In the moderate pressure regime, up to 7–8 GPa, 3T and 2M 1 exhibit a total ΔG(P)deform-curve oscillating around zero, which does not allow to assert one polytype to be more stable than the other. A significant turn occurs beyond 7–8 GPa, owing to a change of the void-involving compression mechanism that leads to an apparent improvement of stability for 3T. All this takes place along with the occurrence of the lock-up of the ditrigonal distortion angle in the monoclinic polytype. Under the circumstances, the structural relaxation operated through a cooperative polyhedral rearrangement via ditrigonal rotation at the expense of voids seems to be a reasonable candidate to explain the structure mechanism of V-compression favouring, in terms of deformation energy, the 3T polytype. Such a polytype can exploit a “more adjustable” octahedral sheet (with two symmetry independent sites) than 2M 1′s (one symmetry independent site), thus allowing “less constrained” α-rotations of the Si/Al-tetrahedral rings to better fit the T- and O-modules into a compressed T–O–T layer, whose lattice parameters a and b shorten, with respect to an ideal structure, in terms of a × cos(α) and b × cos(α), respectively.

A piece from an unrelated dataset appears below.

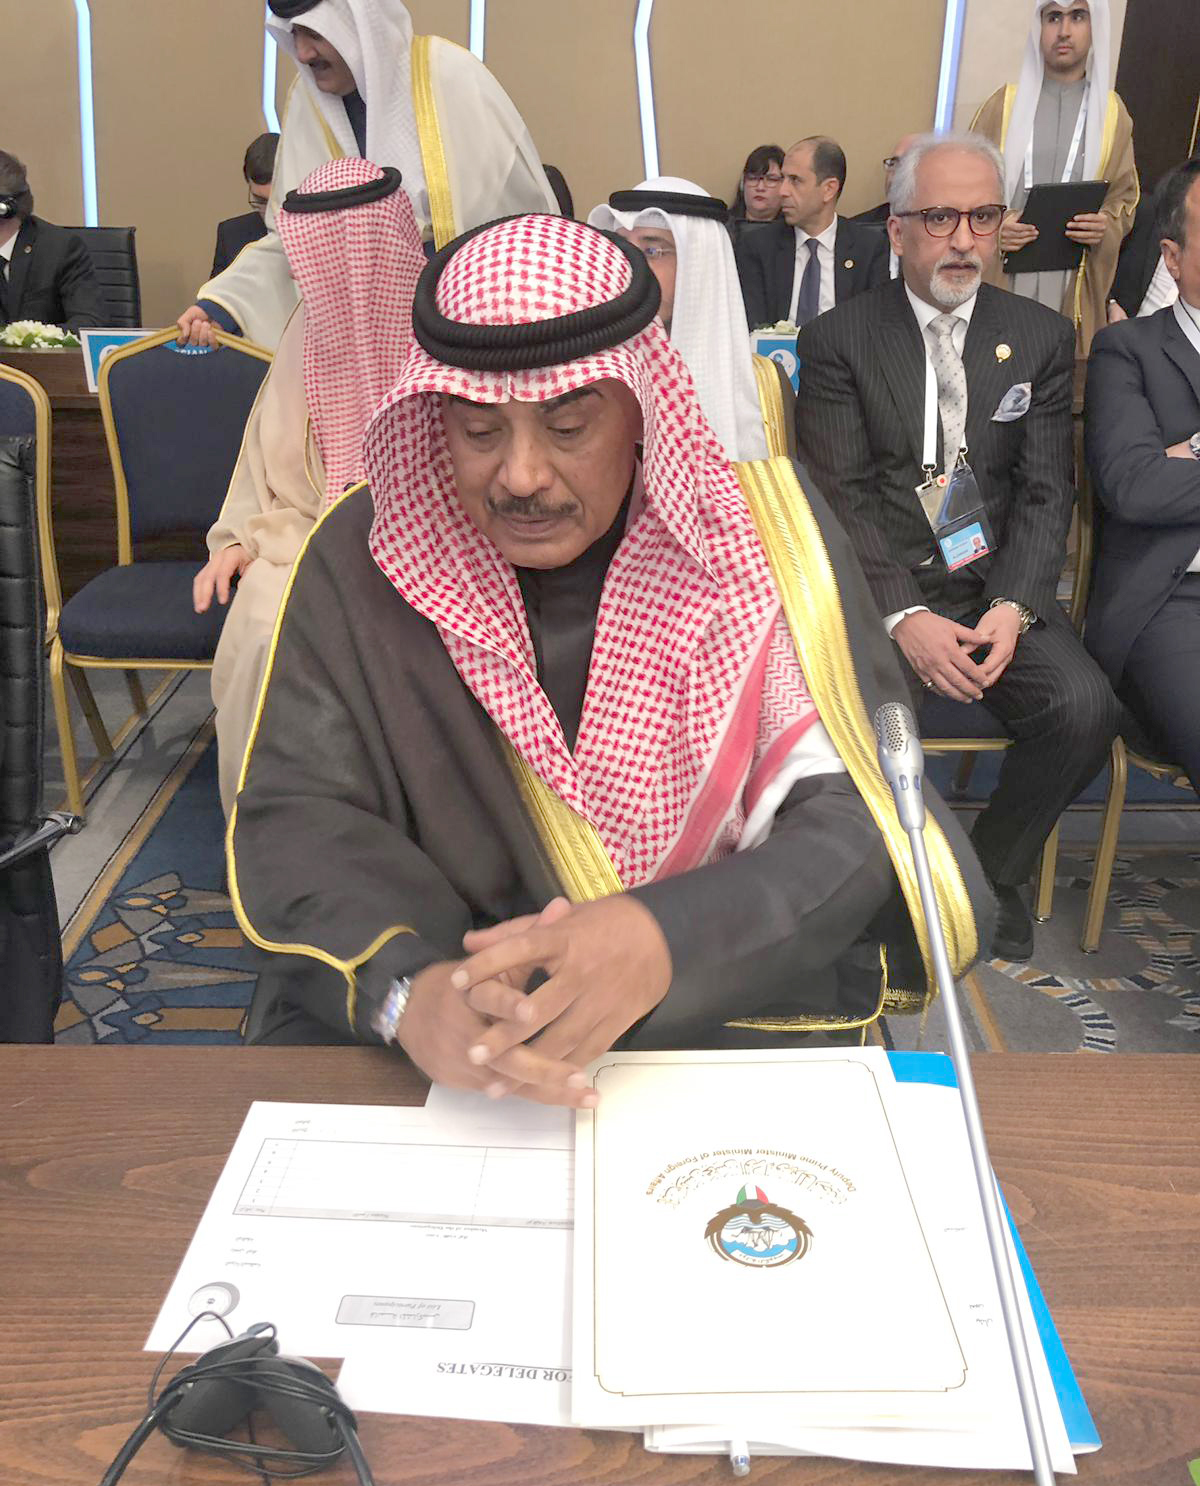 Deputy Prime Minister and Foreign Minister Sheikh Sabah Khaled Al-Hamad Al-Sabah participates in the emergency Islamic meeting

The mechanism we have discussed above relies upon polyhedral V(P)-curves affected by uncertainties, due to (a) the intrinsic difficulty to extract precise structural information from HP single-crystal data collections (b) the comparatively moderate P range explored and (c) the approximation used to model the volume–pressure relationships. Although we expect the compressibility of a solid to be better determined by measuring the unit-cell volume as a function of P (K T0 ~57 GPa, for 2M 1) than reconstructing the compressibility via the polyhedral elastic behaviour (K T0 ~52 GPa, for 2M 1; in this case, tetrahedra have been considered as infinitely rigid); however, the latter provides a way to interpret the microscopic mechanism underlying the macroscopic phenomena under pressure. Under the circumstances, we are confident that our modeling, though presumably somewhat poor of precision and overestimating the void-contribution, provides a comparatively correct depiction of the different structure responses of the two phengite polytypes to pressure and a reasonable structure interpretation of the better stability of 3T at HP than 2M 1, as also indicated by petrologic data and reasoning (Sassi et al. 2009, and references therein).